Background technology
Ion source is to make neutral atom or molecular ionization, and therefrom draw the device of ion beam current.It is various types of
Ion accelerator, mass spectrograph, calutron, ion implantation apparatus, ion beam etching device, ion propeller and by
Control the indispensable component of the equipment such as the neutral-beam injector in fusion facility.
The collision of gas discharge, electron beam to gas atom (or molecule), charged particle beam make operation material sputter and
Surface ionization process can generate ion, and be brought out bunchy.According to different use condition and purposes, have been developed that at present more
The ion source of type.There are Arc-discharge ion source, PIG ion sources, double-plasma ion source and double Peng Yuan using wide
These sources are all based on process gas discharge, and it is then by the height in gas to be often broadly known as arc source radio frequency ion source
Frequency discharges to generate ion, also has been widely used.The appearance in novel heavy-ion source makes the charge state of heavy ion significantly carry
Height, wherein more ripe has Electron cyclotron resonance ion source (ECR) and electron beam ion source (EBIS).
Ionization source is one of key technologies of analytical instrument such as particle migration spectrum.Traditional ion mobility spectrometry commonly ionizes
Source is radioactivity63Ni ionization sources.63Ni can radiate the β rays that average energy is 17Kev, pass through a series of complex with carrier gas
Reaction, eventually form reagent ion H3O+(positive ion detection pattern) and O2 -(anionic textiles pattern), reagent ion again with
Sample to be tested reacts so that sample to be tested is ionized.Radioactivity63Ni ionization sources are since it is simple, stablize, is not necessarily to externally fed
The advantages that and obtain the favor of scientist, but the safety inspection brought due to its radioactivity and special safety measure give it
Practical application bring many troubles.In addition63The ion concentration that Ni ionization sources generate is not high enough, leads to traditional ion mobility spectrometry
Signal is weaker, and the range of linearity is small.Therefore people seek Non-radioactivity ionization source in positive in recent years, traditional to replace
Radioactivity63Ni ionization sources.
To solve the above problems, China utility model CN1961403A discloses a kind of nanometer in mass spectrometer
Carbon pipe ion source, including:Electronic emitter configures it to control the first control grid of electron beam transmitting and configure to control electricity
Second control grid of beamlet energy;Ionization chamber has the electron beam outlet for making electron beam enter ionization chamber;Electron lens,
It assembles electronics element between electron emitter assembly and ionization chamber;With at least one electrode, it is located at ion beam and exports
Nearby with the ionization sample molecules of aggregation discharge ionization chamber;Photoelectric effect is carried out to generate using carbon nanotube in the technical solution
Ion, carbon nanotube is relatively low for the reflectance factor opposing metallic of light, but production process is complicated, and needs to spend more
Time.China utility model CN106024573A discloses a kind of photoemission ionization source, including power supply, the positive grade of power supply with
First electrode connects, the power cathode connecting line second electrode, and intermediate between the first electrode and second electrode there are samples
Mouthful by channel, the second electrode includes transparent substrates, and the side of the transparent substrates is provided with graphene layer, the stone
Black alkene layer is oppositely arranged with the first electrode, and the other side of the transparent substrates is provided with this outside line generation for irradiation
Device.The graphene layer passes through directly graphene coated formation on the transparent substrate.The coating used in this technology
Graphene powder is to make electrode material, and lower to the reflectance factor of light, efficiency of light absorption is not ideal enough.

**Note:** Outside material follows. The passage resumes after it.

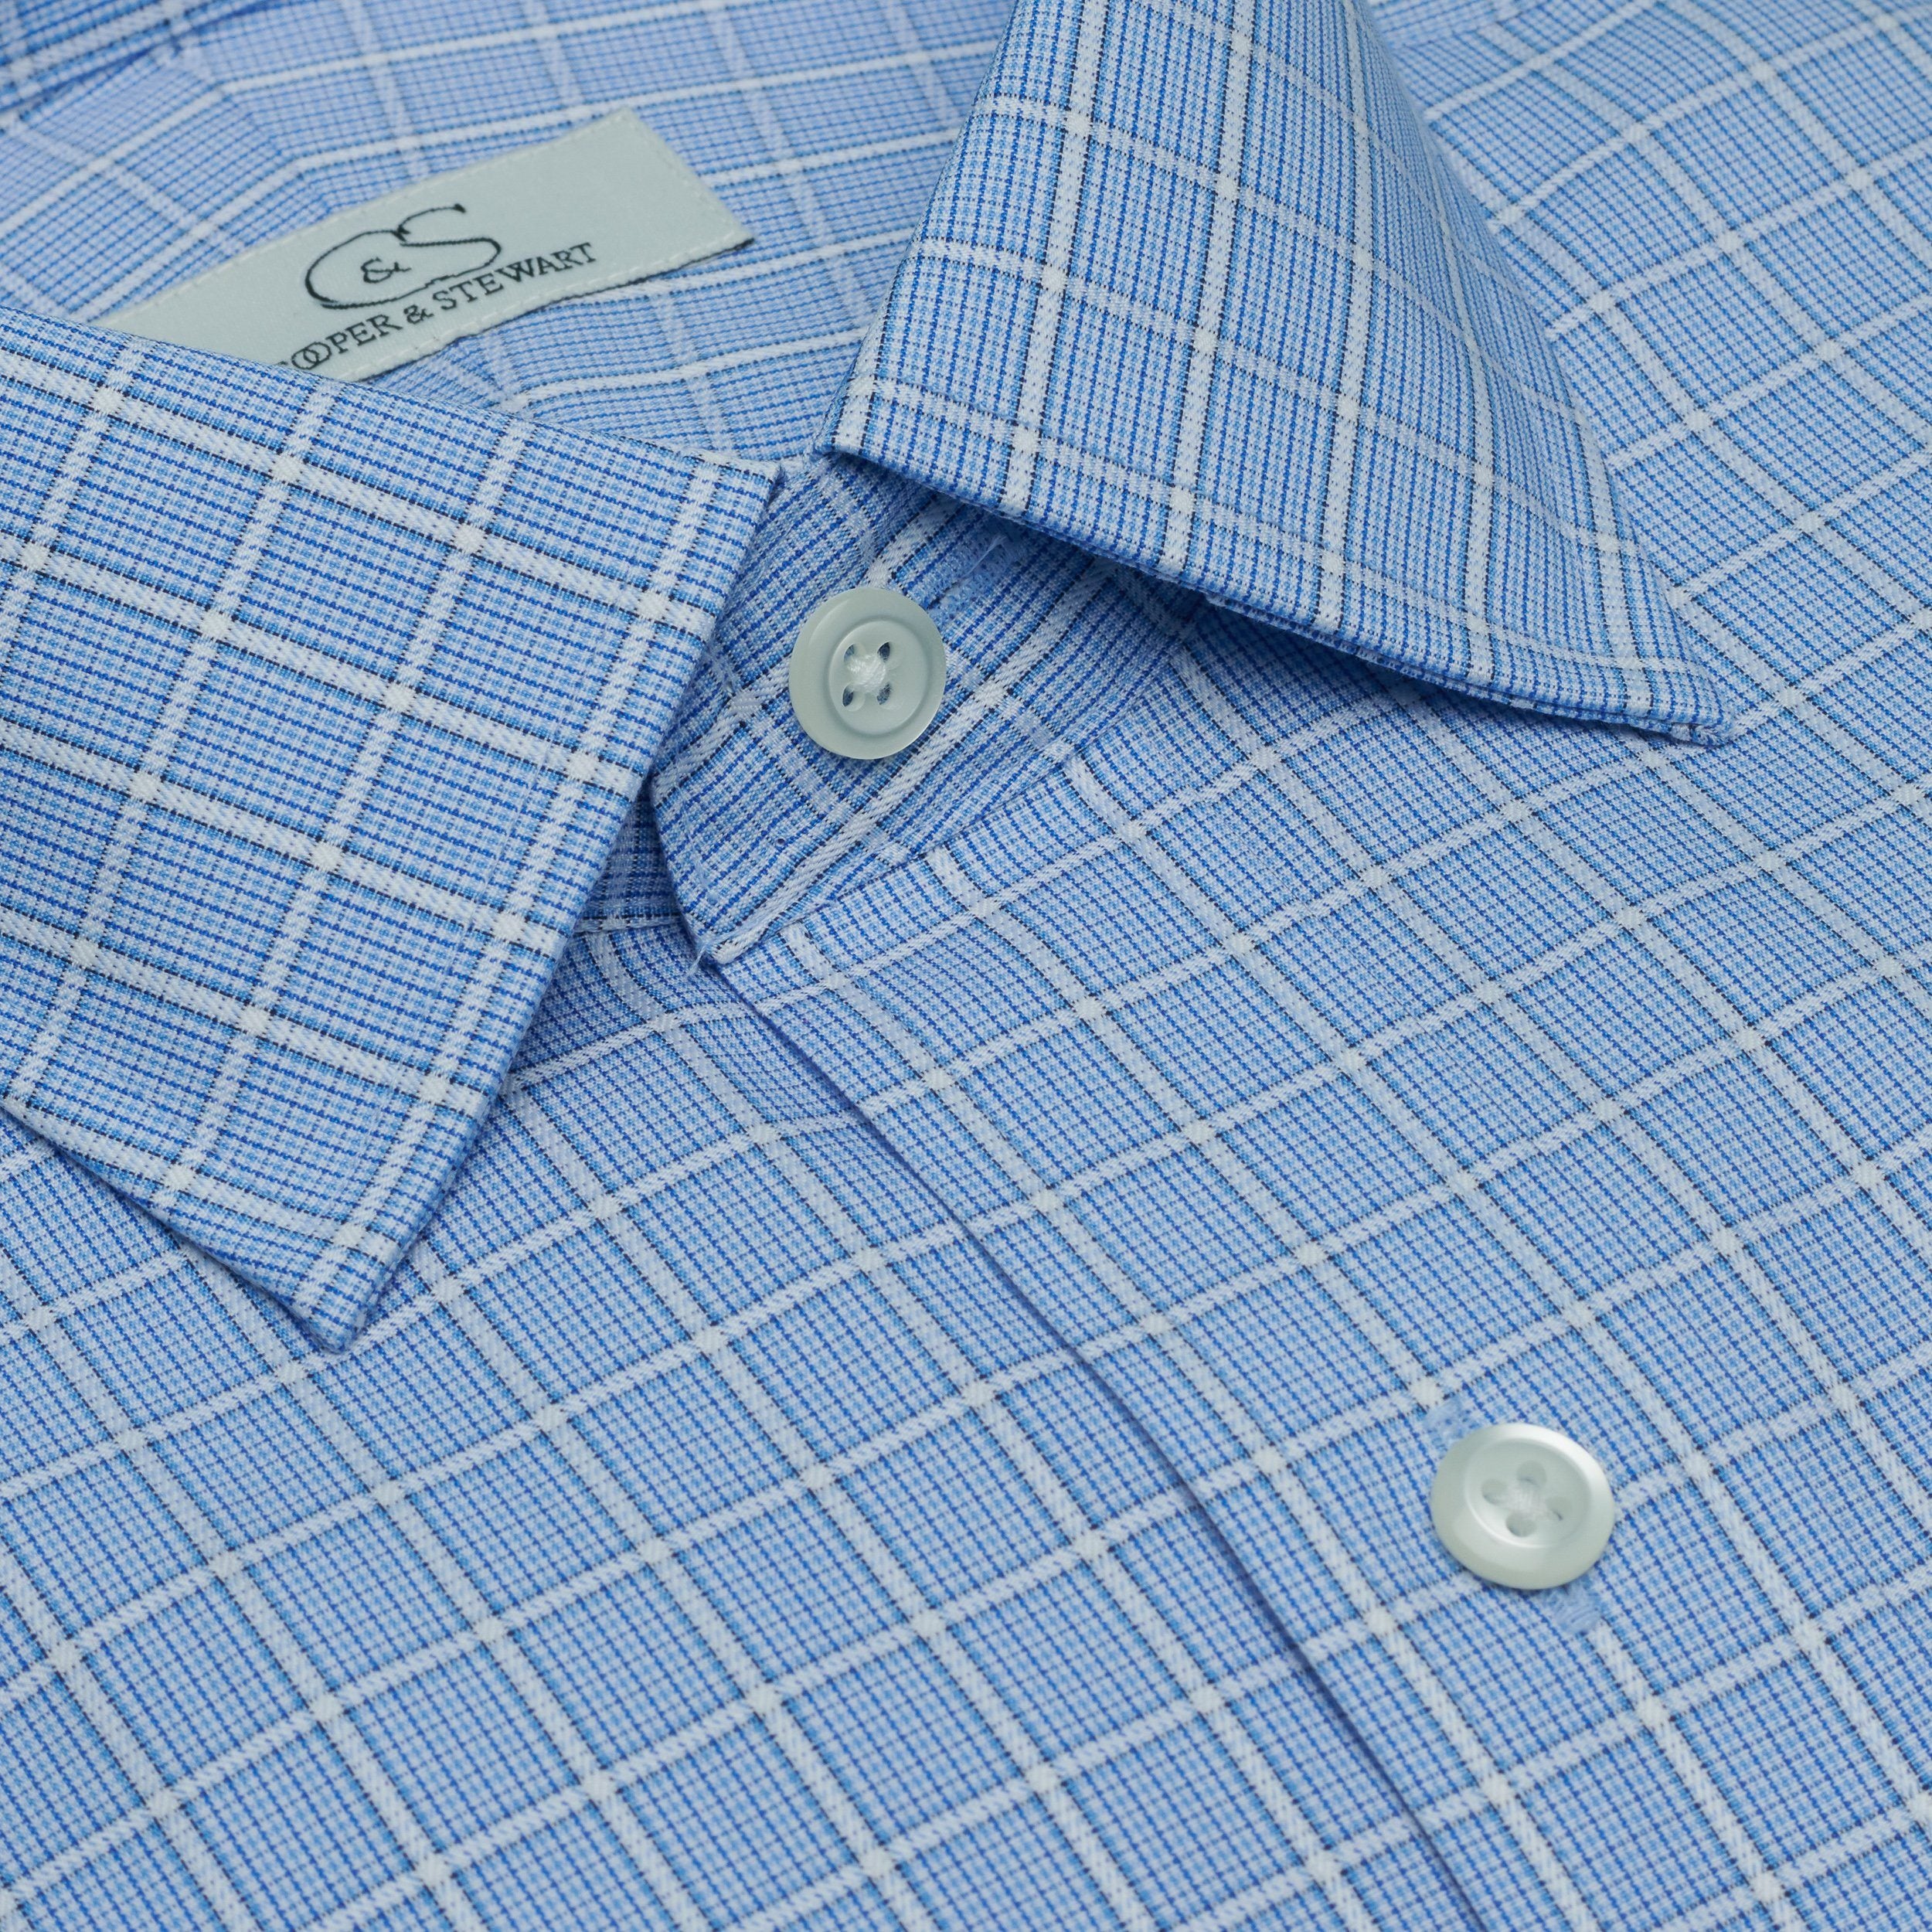 072-Blue Overlay Check-Spread Collar-Tailor Fit Best Dress Shirt

The content of background technology part is only the technology that utility model people is known, natural representative this field does not show
There is technology.
Utility model content
For the prior art there are one or more of problem, the utility model provides a kind of photoelectricity based on graphene
Emit ionization source, including power supply, first electrode, Graphene electrodes and photic emitter, the anode of the power supply and the first electricity
Pole connects, and the cathode of the power supply is connect with Graphene electrodes, and the photic emitter shines the Graphene electrodes
It penetrates;Wherein, the Graphene electrodes include:
Supporter, the supporter include first surface and second surface;
It is set to the graphene-structured layer of supporter first surface;
The graphene-structured layer and first electrode are opposite, and between first electrode there are sample by channel.
One side according to the present utility model, the thickness of the graphene-structured layer be the thickness of single-layer graphene extremely
100nm, such as:0.335nm、0.67nm、1nm、2nm、3nm、5nm、6nm、8nm、10nm、12nm、15nm、20nm、30nm、
40nm, 50nm, 60nm, 70nm, 80nm, 90nm, 100nm, etc.;It is preferred that 10nm is hereinafter, for example:0.335nm、0.67nm、1nm、
2nm, 3nm, 4nm, 5nm, 6nm, 7nm, 8nm, 9nm, 10nm, etc..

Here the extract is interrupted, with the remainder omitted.